You can prove it a number of ways so here's a simple-ish one :
Take Minkowski space $M$, with the manifold atlas $(\mathbb{R}^n, \operatorname{Id})$. I think it's no big secret that, for cartesian coordinates, the geodesic equation is
$$\ddot{x}^\mu(\tau) = 0$$
with solution
$$x^\mu(\tau) = x_0^\mu + v_0^\mu \tau$$
If we consider the tangent space at a point $p$ with coordinates $x_0$, any geodesic starting at $p$ and with tangent vector $v^\mu_0$ has this form. What we want is a map from every point of $T_pM$ to $M$ from there.

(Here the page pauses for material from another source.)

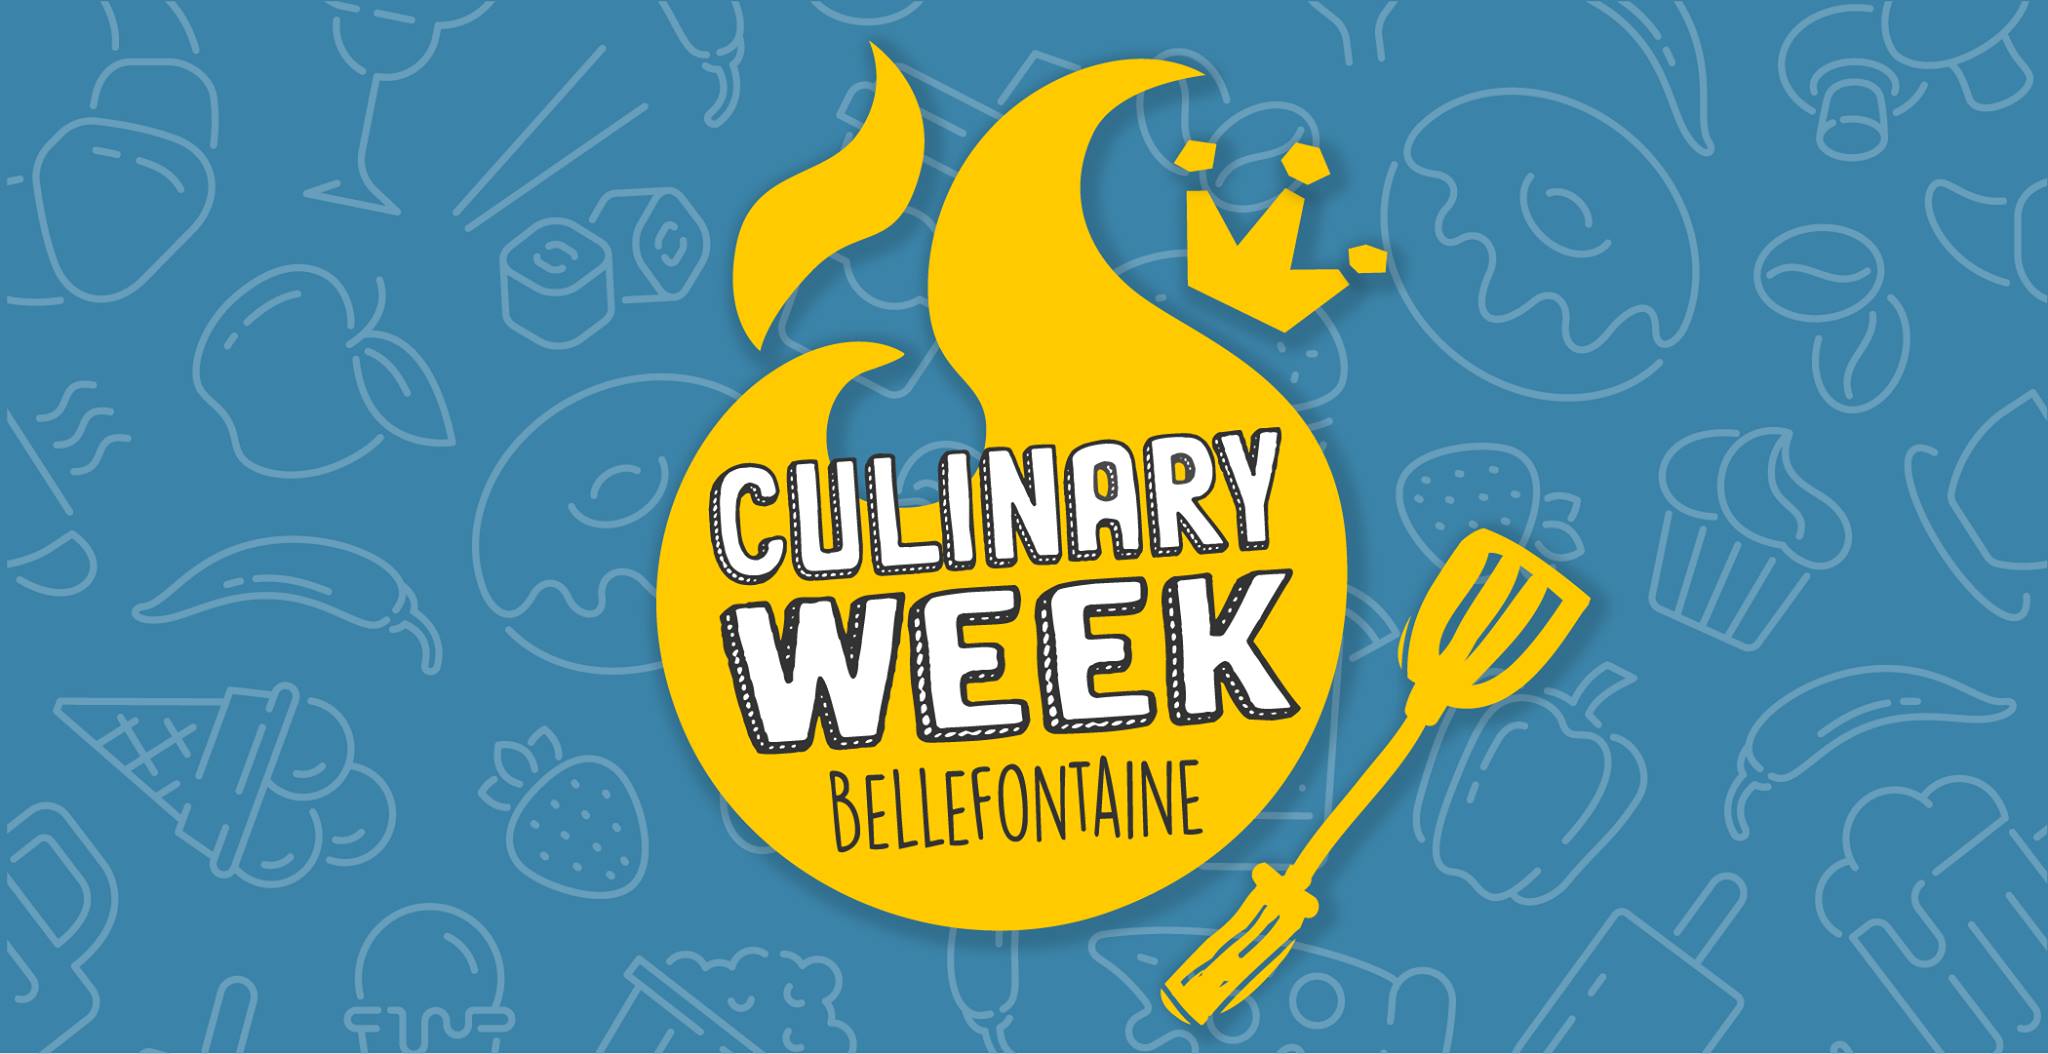 Bellefontaine Culinary Week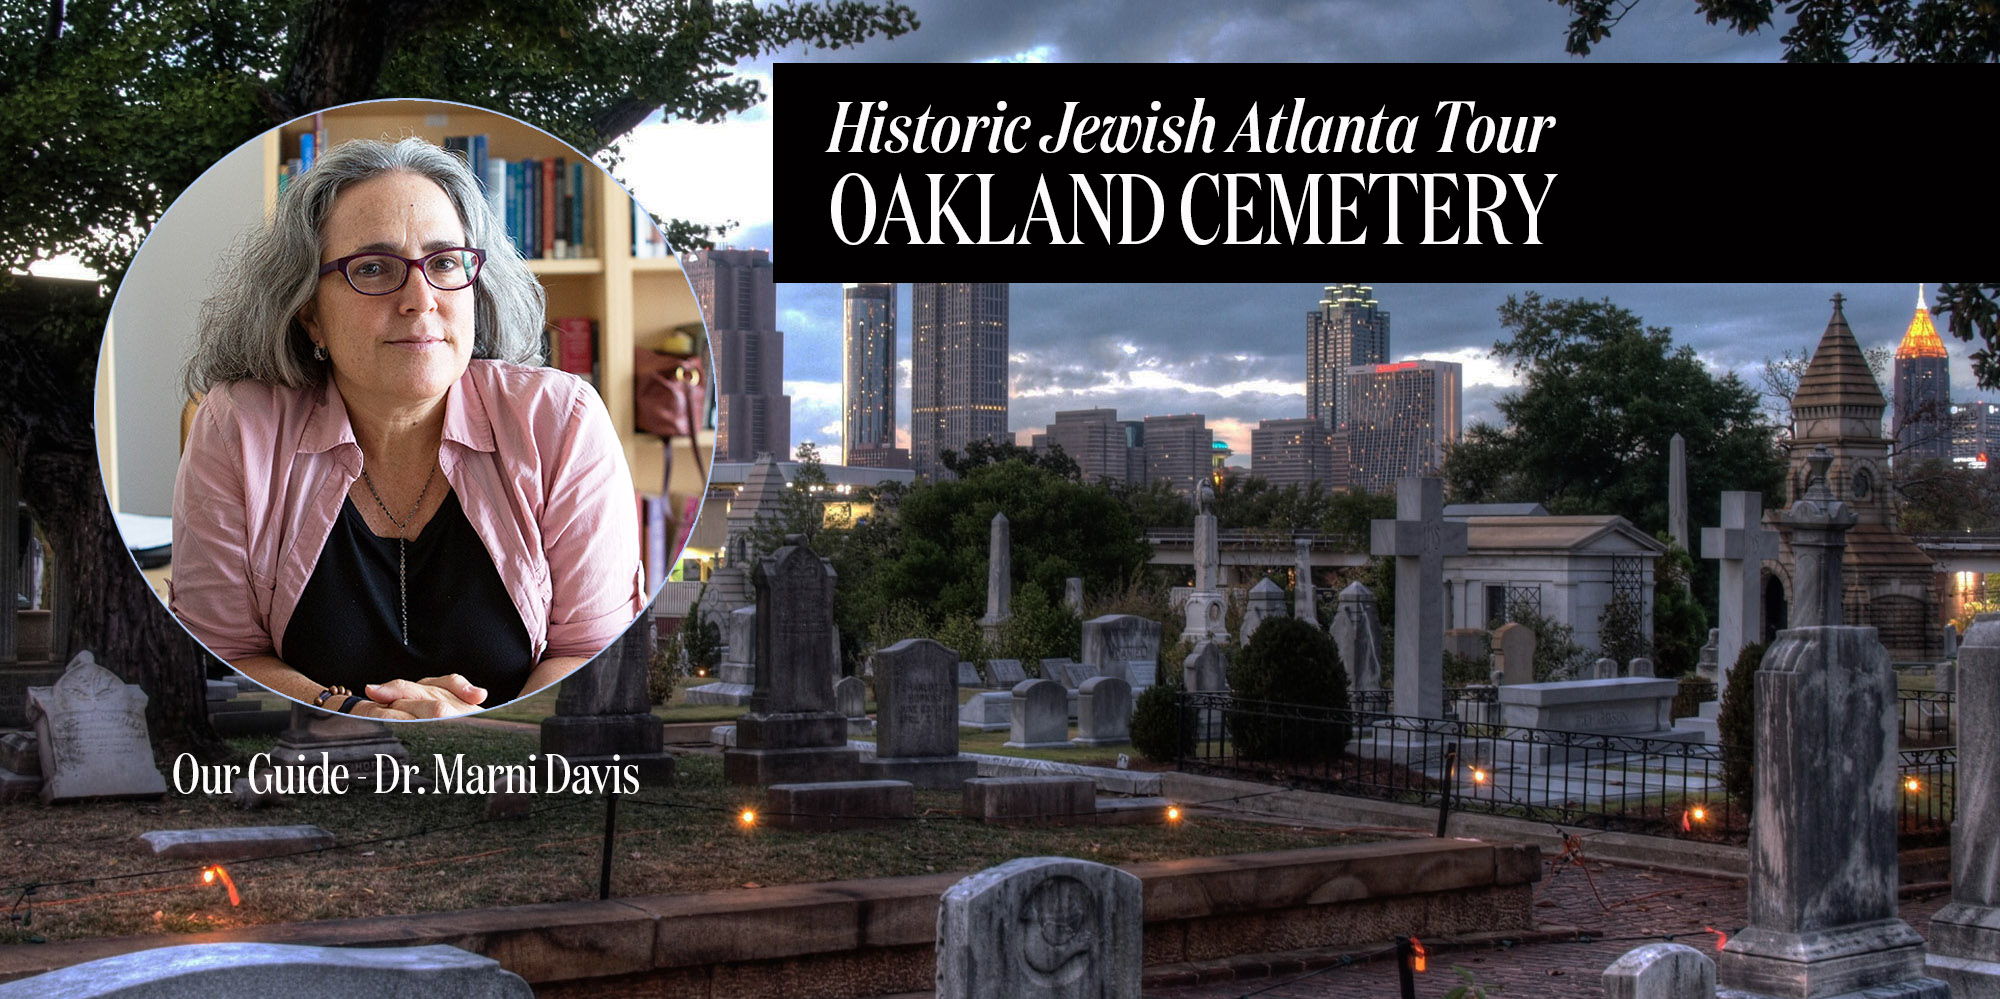 Historic Jewish Atlanta Tours - Oakland Cemetery promotional image

If we take any point $q \in M$ with coordinates $y^\mu$, we have that
$$x^\mu(1) = y^\mu$$
for some $v_0 \in T_pM$. It can be shown fairly easily by considering, component-wise
$$v_0^\mu = y^\mu - x_0^\mu$$
There is a map from some subset of $T_p M$ to $M$. It's not too hard to show the reverse and that overall, this maps $T_p M$ to $M$, giving you some map
$$\phi : T_pM \to M$$
If you also add the Minkowski metric on $M$ as a metric space, we may want to check that $g_p(v,v) = \langle \phi(v), \phi(v) \rangle$, which is just
$$\eta_{\mu\nu} v^\mu v^\nu = (v^0)^2 - \vec{v} \cdot \vec{v}$$
and
$$\langle \phi(v), \phi(v) \rangle = (x_0^0 - y^0)^2 - (\vec{x}_0 - \vec{y}) \cdot (\vec{x}_0 - \vec{y})$$
Which are the same value indeed.